# Homework Help: Complex numbers. Imaginary part

1. Jan 14, 2004

### fannemel

z1 = x + iy
z2 = x - iy
(Complex conjugate)

Find:
Im (1/z1)

This is what I have tried to do:

(1) z1*z2 = x^2 + y^2

(2) z2 / (x^2 + y^2) = 1 / z1

-y / (x^2 + y^2) = Im (1 / z1)

So my question is:
Can I change z2 to Im (z2) and z1 to Im (z1) in equation (2)?

Last edited: Jan 14, 2004
2. Jan 14, 2004

### himanshu121

They want the coefficient of i or Im(1/z)

i.e $$\frac{1}{x+iy}$$

What was/are ur thoughts???

3. Jan 14, 2004

### fannemel

oops, read another post and found that it would be wise to post my work. And i reckoned that no-one would have had the time to reply so i just edited my post.

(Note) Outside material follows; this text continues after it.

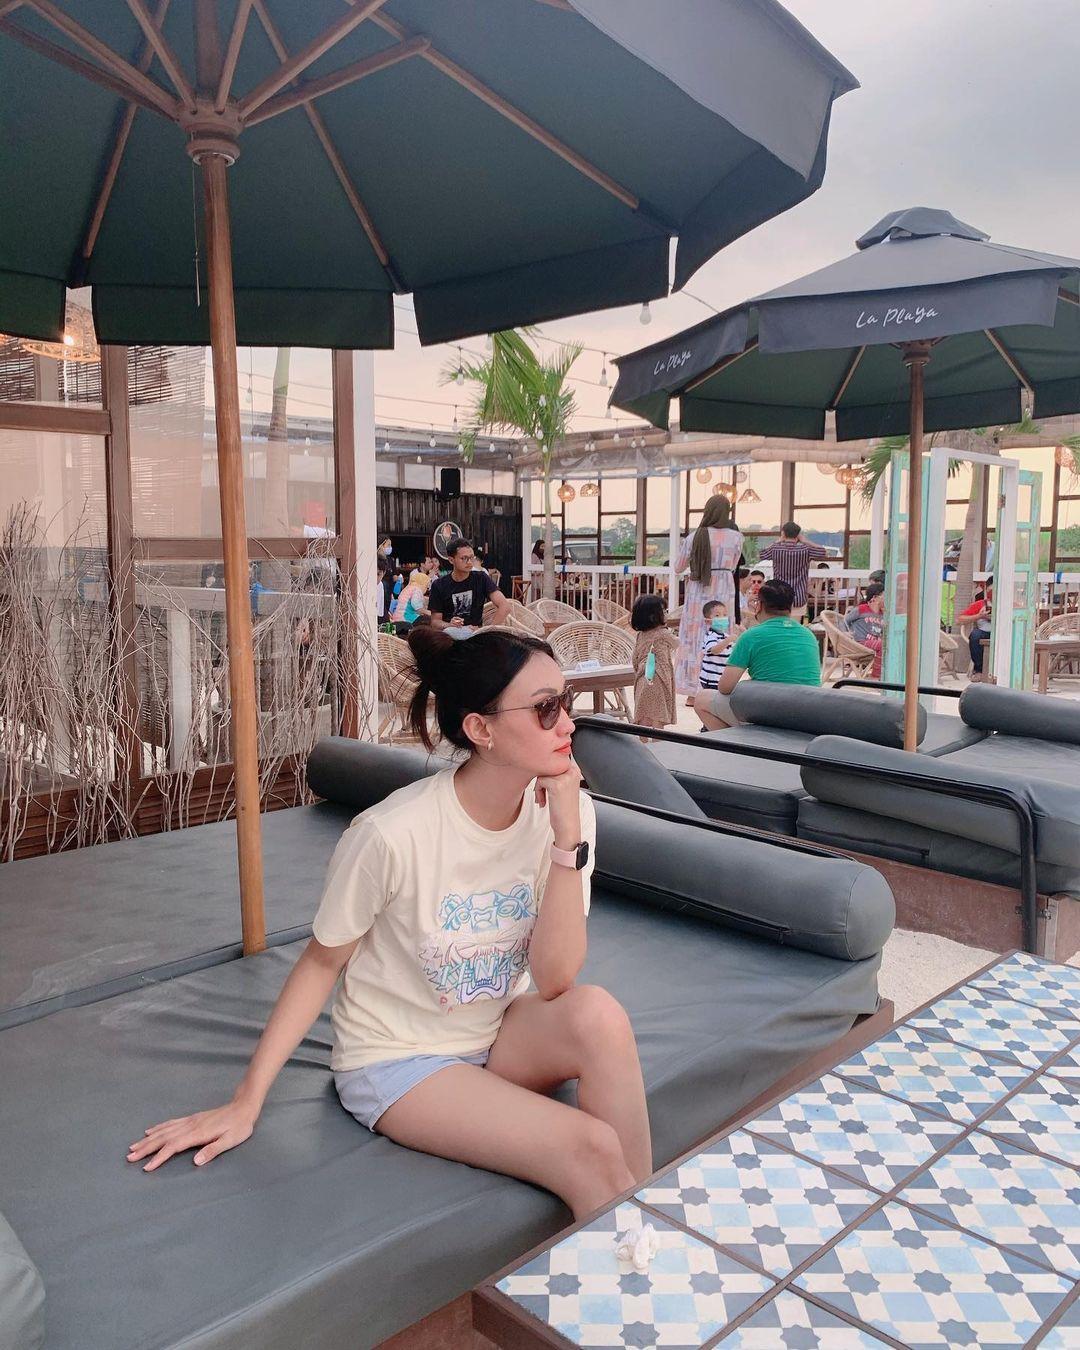 Kasur Di La Playa Cafe Semarang Image From @nindy_pramesty

But do my new post clarify anything?

4. Jan 14, 2004

### himanshu121

No u can't change them that ways. It will defy all the properties of complex number

5. Jan 14, 2004

### arcnets

fannemel,
I think your work is correct. Because, if 2 numbers are equal, then their imaginary parts are equal.

6. Jan 14, 2004

### chroot

Staff Emeritus
Yes, fannemel, you are entirely correct. Given z = x + iy, Im(1/z) is indeed -y / (x^2 + y^2).

- Warren

7. Jan 15, 2004

### himanshu121

His Questions is
i.e.
$$\frac{Im_{z2}}{x^2 + y^2} = \frac{1}{Im_{z1}}$$
Which is not true

Last edited: Jan 15, 2004
8. Jan 15, 2004

### fannemel

$$\frac{Im_{z2}}{x^2 + y^2} = Im [\frac{1}{z1}]$$

Would that be any better?

For me that would equal:

$${\frac{-y}{x^2 + y^2} = Im [\frac{1}{z1}]$$
since $$Im_{z2} = -y$$

Last edited: Jan 15, 2004
9. Jan 17, 2004

Yes that is absolutely correct. You get the imaginary part of the reciprocal of z1, not z1

10. Jan 17, 2004

### HallsofIvy

That is true because $$x^2+ y^2$$ is a real number.
In general you cannot get the imaginary part of a number computed by a formula just by replacing each number in the formula by its imaginary part.

It would be far better for you to replace $$z_1$$ and $$z_2$$ by x+iy and x-iy right from the start:

$$\frac{1}{z_1}= \frac{1}{x+iy}$$. Now multiply both numerator and denominator by x- iy to get $$\frac{(1)(x- iy)}{(x+iy)(x-iy)}= \frac{x- iy}{x^2+ y^2}= $$\frac{x}{x^2+y^2}$$-$$\frac{y}{x^2+y^2}$$i$$ so that it is obvious that the real part is $$\frac{x}{x^2+y^2}$$ and the imaginary part is $$\frac{-y}{x^2+y^2}$$.